Re: [PATCH v1 2/4] ref: add regular ref content check for files backend

Patrick Steinhardt <ps@xxxxxx> · Thu, 22 Aug 2024 10:46:31 +0200

On Tue, Aug 20, 2024 at 09:49:23AM -0700, Junio C Hamano wrote:
> shejialuo <shejialuo@xxxxxxxxx> writes:
> 
> > We implicitly reply on "git-fsck(1)" to check the consistency of regular
> 
> "reply" -> "rely", I think.
> 
> > refs. However, when parsing the regular refs for files backend, we allow
> > the ref content to end with no newline or contain some garbages. We
> > should warn the user about above situations.
> 
> Hmph, should we?  
> 
> If the content is short (e.g., in SHA-1 repository it only has 39
> hexdigit) even if that may be sufficient to uniquely name the
> object, we should warn about it, of course.  A file that has
> 64-hexdigit with a terminating LF at the end may be a valid file to
> be in $GIT_DIR/refs/ hierarchy in a SHA-256 repository, but such a
> file in a SHA-1 repository should also be subject to a warning, as
> it could be a sign that somebody screwed up object format
> conversion.
> 
> But a file that has only 40-hexdigit without a terminating LF at the
> end?  Or a file that has 40-hexdigit followed by a CRLF instead of
> LF?  Or a file that has the identical content as a valid ref on its
> first line, but has extra stuff on its second and subsequent lines?
> 
> What does the name-to-object-name-mapping layer (aka "get_oid" API)
> do when they see such a file in the $GIT_DIR/refs/ hierarchy?  If
> they are treated as valid ref in the "normal" code path, it needs a
> strong justification to tighten the rules retroactively, much
> stronger than "Our current code, and any of our older versions,
> would have written such a file as a loose ref with our code."
> 
> "What are we protecting us from with this tightening?" is the
> question we should be asking ourselves, when evaluating each of
> these new rules that fsck used not to care about.
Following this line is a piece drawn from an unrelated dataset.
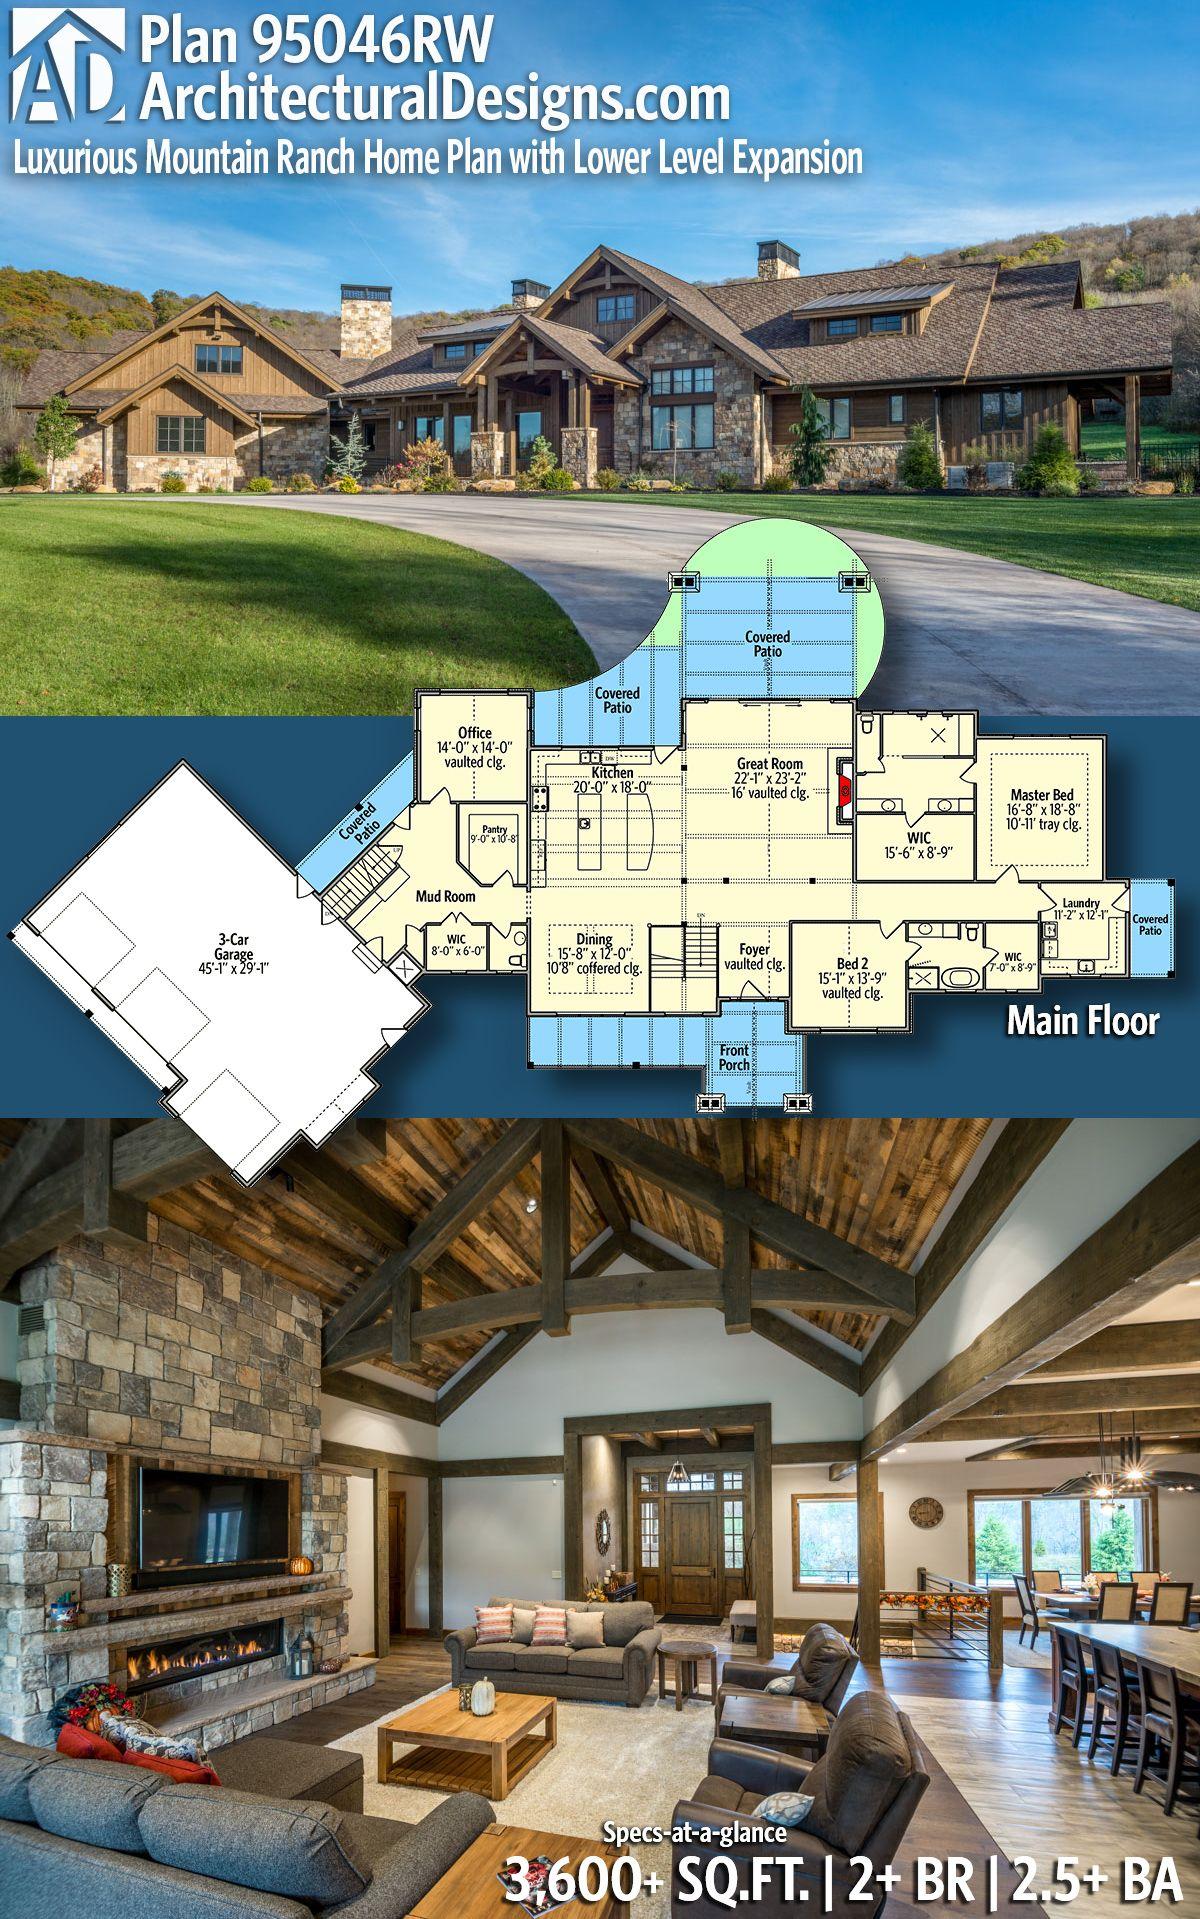 Architectural Designs House Plan 95046RW   2+ Beds   2.5+ Baths   3,600+
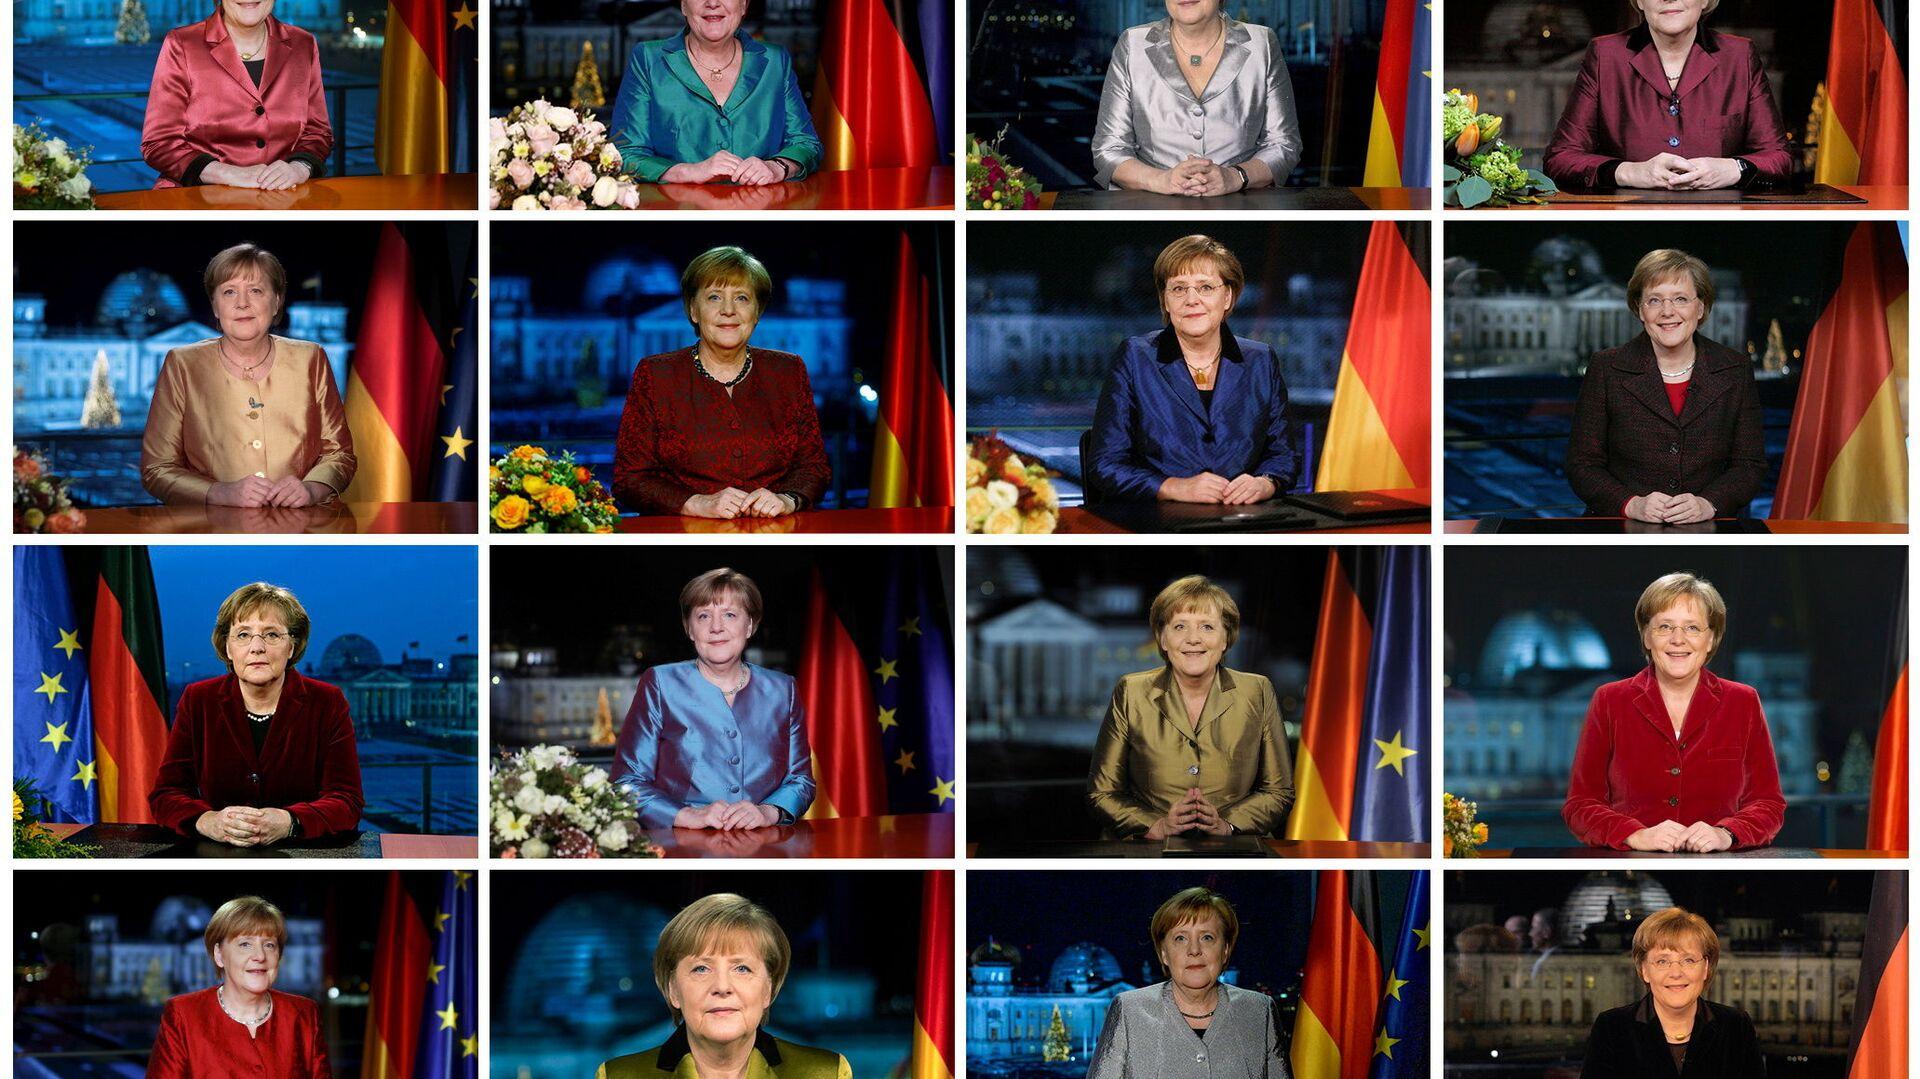 Angela Merkel - SNA, 1920, 24.09.2021

I'd say filesystem corruption, buggy implementations and compatibility
with other implementations of Git. The format for refs does not allow
for any other information than either an object ID for plain refs, and
the referee for symbolic refs. The fact that we do accept that is a mere
implementation detail because we reuse the same function to parse refs
that we also use for pseudorefs. And these _can_ have additional data.

So any reference that contains additional data is not a proper ref and
thus should be warned about from my point of view. No Git tooling should
write them, so if something does it's a red flag to me.

Patrick